Origin Stories

Last week, someone asked me what led me to fantasy. I’ve written science fiction, thrillers, horror, poetry (God spare us from young poets), theology, and heartfelt rants, but fantasy was my first love, and it’s the genre I keep returning to. But I had to really think about how I got my start.

Honestly, it was knights. I had a very young fascination with knights, and castles, and the kinds of stories that surrounded them. There was nothing fantastic about it. I read pretty much every version of the Arthur legend I could lay my hands on, along with detailed accounts of life in castles, medieval warfare, and so forth. I was heartbroken that my family didn’t have its own heraldry (Akers is a place name, about as historic as Smith or Wright) and set about making up my own heraldry. Raised Presbyterian in the mountains of North Carolina, I had a natural love of all things Scottish, and attended a lot of Highland Games in my youth.
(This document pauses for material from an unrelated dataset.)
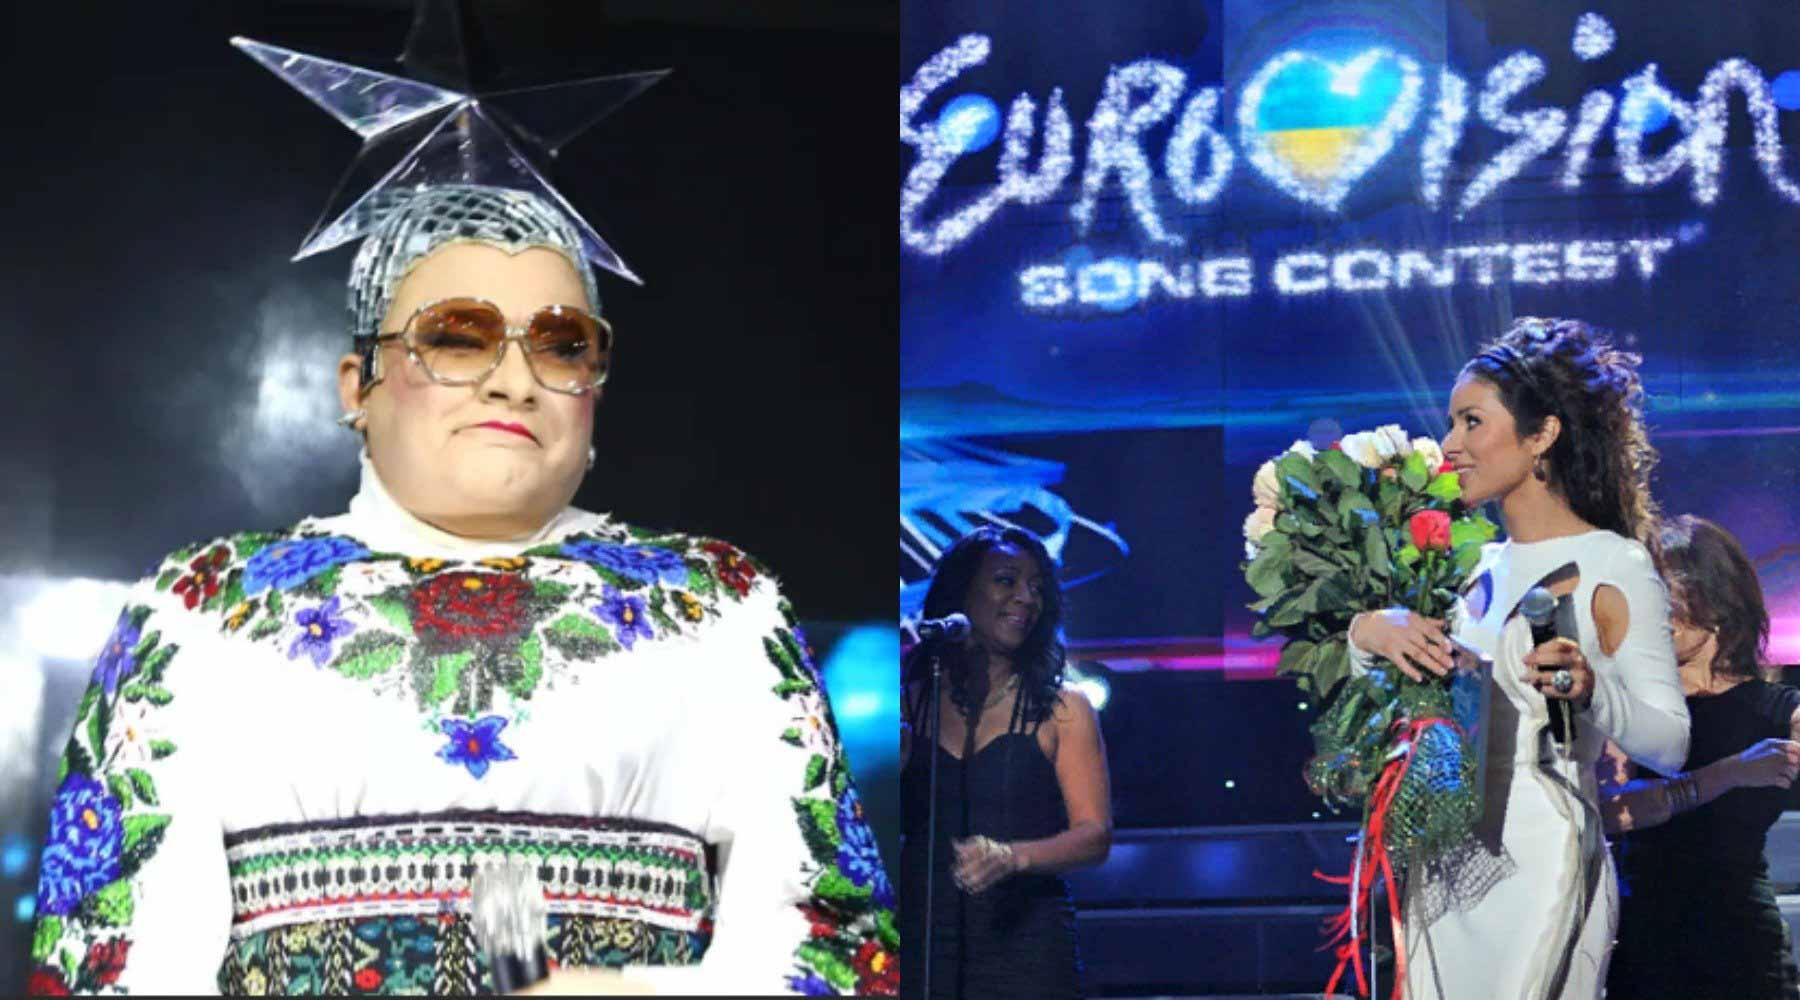 Будет ли Украина дисквалифицирована с Евровидения? Блогер раскрыл «цену победы» в конкурсе

Of course, the middle ages had a lot of horror, but I didn’t notice. I wanted to be a knight in armor. I wanted the glory of the charge, banners streaming, a castle at my back. That was never going to happen, of course, but I could dream.

The move into fantasy was natural. Someone handed me Tolkien, and I was off. While my imagination has strayed far from those knightly dreams (my Veridon stories are evidence enough of that) I still find myself returning to them. I think that explains more about The Hallowed War series than anything else.